The question of cannibalism arises occasionally, such as when the Andes plane crash survivors ate the dead passengers. When this question is discussed, the prohibition involved is that of disrespect to the dead, which is then overridden by the command to keep the living alive. But kosher violations never enter the picture.
Actually, if I remember correctly, there are two reasons for the waiting period. One is, as you mentioned, the concern that meat remains in the teeth. The other concern is that meat takes longer to digest, and will be later mixed with meat in the digestive process.
What is the nafka mina (consequence of the disagreement)? Two cases:
a) A person eats meat broth. There is no chance of it getting stuck in his teeth, but it will be digested.
b) A person chews up meat (for a baby, as I posted earlier). It won’t be digested, but it can get stuck in his teeth.
But Shirley the real reason for the rule against mixing milk and meat dishes is not because God sez so but because of the risk of contamination. If you use a utensil on meat and then use it on cheese, bacteria from the meat will contaminate the cheese. Cooking the meat will kill the bacteria in it, but you usually don’t cook milk dishes to the point of sterilization.
The ancients didn’t know about bacteria, and even if they did they had little in the way of food preservation technology. All they knew was that if they mixed meat and milk, they got sick. They may have they concluded that God was trying to tell them not to mix it. Or they may have simply concluded, “Safety tip. Don’t do that.” Then, later generations started believing that this and other rules of common sense developed by the culture were “God’s laws”, having long since forgotten the true reasons for them.
This question may rate its own thread, but here goes…
The whole basis for this being an issue in the first place.
The Bible says, Thou shalt not seethe a kid in its mother’s milk.
That’s pretty specific. I can understand generalizing from there that you can’t cook milk & meat together in the same pot. But how on earth the rabbis got from that simple Biblical rule to the Wall of Separation of “No milk and meat existing anywhere near each other within hours of each other” and further elaborations like two completely separate sets of pots, pans, & dishes – I just can’t see that. This is way more restrictive than what the Bible says.

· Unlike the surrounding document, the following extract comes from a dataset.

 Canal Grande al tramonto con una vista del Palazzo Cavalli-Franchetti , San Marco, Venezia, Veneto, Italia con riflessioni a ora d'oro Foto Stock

The Karaim only follow the Torah and reject the Talmudic elaborations of the Law. Perhaps they don’t have this strict separation of Planet Milk from Planet Meat, and just avoid cooking them together in the same pot. In fact, if you read the Biblical command totally literally, it would be acceptable to seethe a kid in milk from another nanny goat not its mother, not to speak of meat & milk from non-goat animals.
So you may believe. However, that’s not what Orthodox Jews believe. Since the OP was (presumably) addressing Orthodox Jews (who primarily are the only ones who keep kosher anyway), your answer is not really appropriate.

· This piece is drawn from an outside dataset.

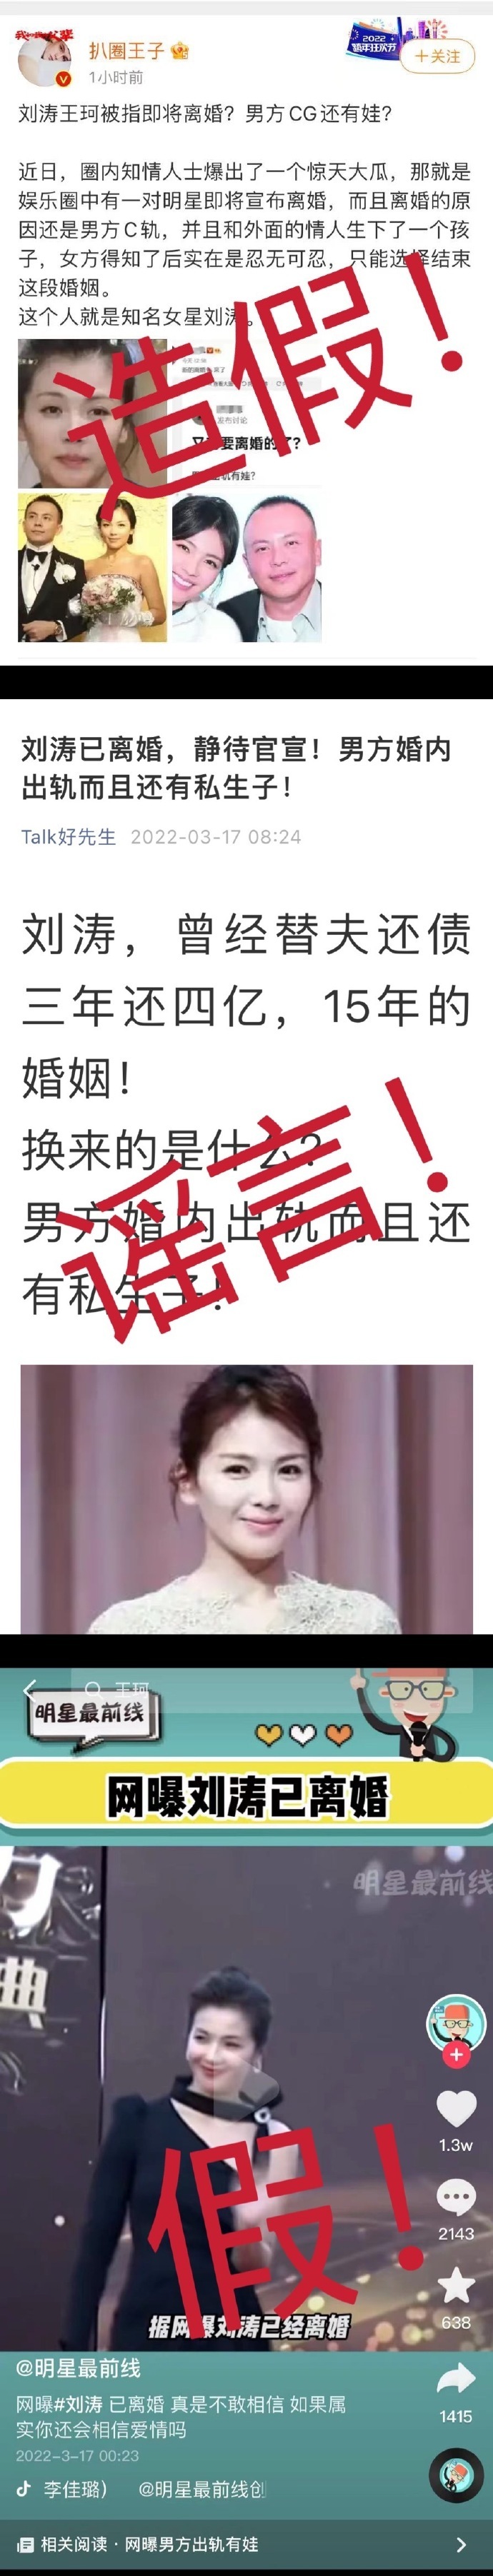 工作室发声明辟谣刘涛王珂离婚 已委托律师全权处理不实消息

The command you mentioned is stated in the Torah three different times. Since Jews believe that no part of the Torah is superflous or extra, the extra occurences of this command come to teach us something extra. The “extra” in this case is the commandments against having meat and milk together at all.
You must also understand, that Orthodox Jews believe that the oral traditions were given to us together with the written Torah. In fact (and I’ve covered this extensively several times in other threads) by a simple reading of the written Torah, it is obvoius that not all the details are contained therein and the oral tradition is necessary. The oral tradition (which later became codified as the Talmud) carries just as much weight as the written text.
The Karaim will eat chicken with milk, and some will eat beef in the same meal they eat milk, but not in the same dish. They also don’t use different sets of dishes. They also have stricter rules as for what makes meat Kashrut.
And, Sqweels, like Zev said, if you’re Orthodox, then the real reason for keeping kosher IS because G-d said so, and that’s true, probably, for most Jews who keep kosher. The fact that there are other reasons (I know the Rambam talks about them), doesn’t change that fact.